Snapshotting in Arachis
Snapshotting is a critical feature enabling agents to backtrack and replan during complex, multi-step tasks [00:33:09]. If an agent fails deep into a workflow, it can restore to a last known good checkpoint instead of starting from scratch [00:33:01].
Arachis saves the entire running state of a sandbox, including guest memory and the read-write overlay FS layer [00:33:30]. This means all created files, spawned processes, and even open GUI windows are restored exactly as they were [00:33:50].
The snapshot process involves four steps:
- Pause the VM [00:34:44].
- Call the snapshot API to dump guest memory [00:34:50].
- Manually persist the read-write overlay FS layer [00:34:57].

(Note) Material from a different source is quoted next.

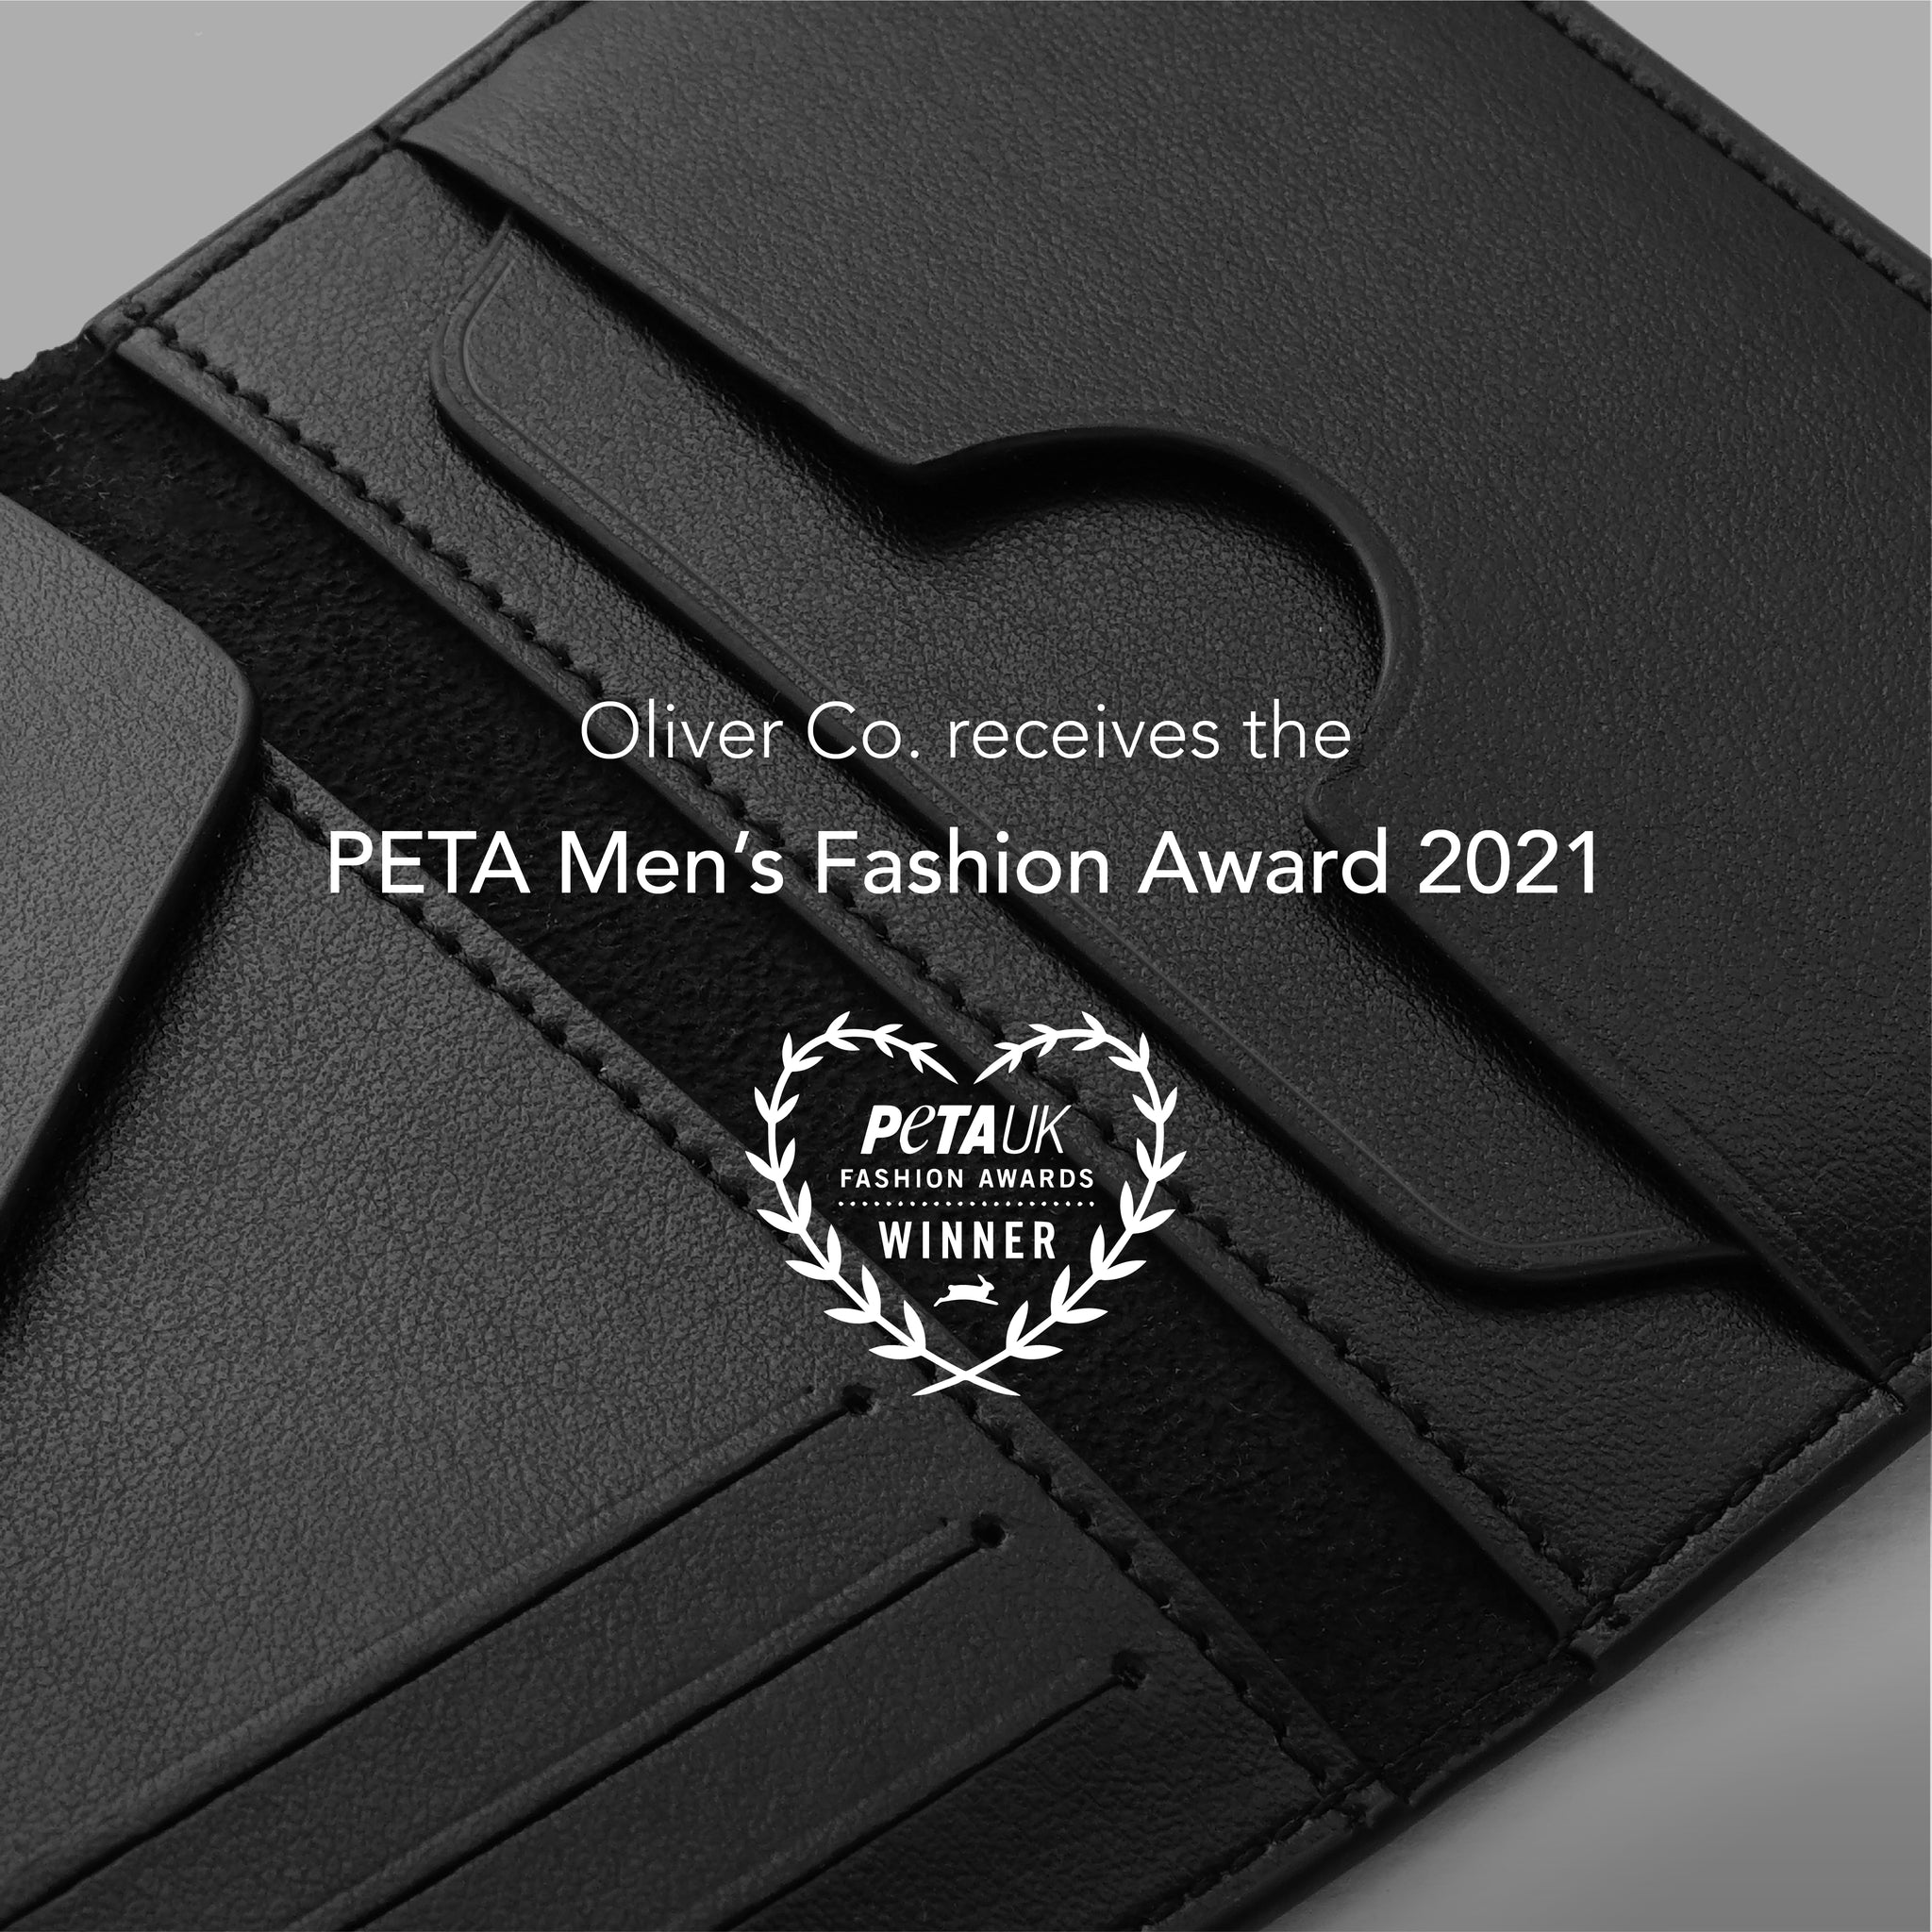 Oliver Co. wins PETA Men's Fashion Award 2021

- Resume the VM [00:35:08].
Future work includes migrating to
btrfs
for native incremental snapshot awareness [00:34:20].
Using the Arachis API
Arachis offers a user-friendly API, including a Python SDK [00:35:54]. Users can self-host Arachis, start sandboxes, run commands, upload/download files, create snapshots with a simple ID, and restore VMs from these checkpoints [00:36:01].
Demo: Google Docs Clone with Backtracking
A demonstration showcased Claude Desktop creating a collaborative Google Docs clone using Arachis’s MCP server [00:37:03]. Without extensive prompting, Claude piped commands into the Linux sandbox to build the application [00:37:37]. The demo highlighted:
- Real-time collaboration enabled by Arachis’s networking setup [00:38:47].
- Snapshotting the current state of the application [00:37:51].
- Adding a new feature (dark mode) and verifying its functionality [00:37:58].
- Restoring to the previous snapshot, effectively undoing the dark mode addition, demonstrating the power of backtracking [00:38:20].
Ongoing Work
Current development efforts for Arachis focus on:
- Achieving sub-1-second boot times [00:39:14].
- Enhancing snapshot and persistence support, including a move to
btrfs
for incremental snapshots [00:39:24]. - Optimizing for bin-packing many sandboxes on a single server through dynamic memory and resource management (e.g., memory ballooning or hot-plugging) [00:39:35].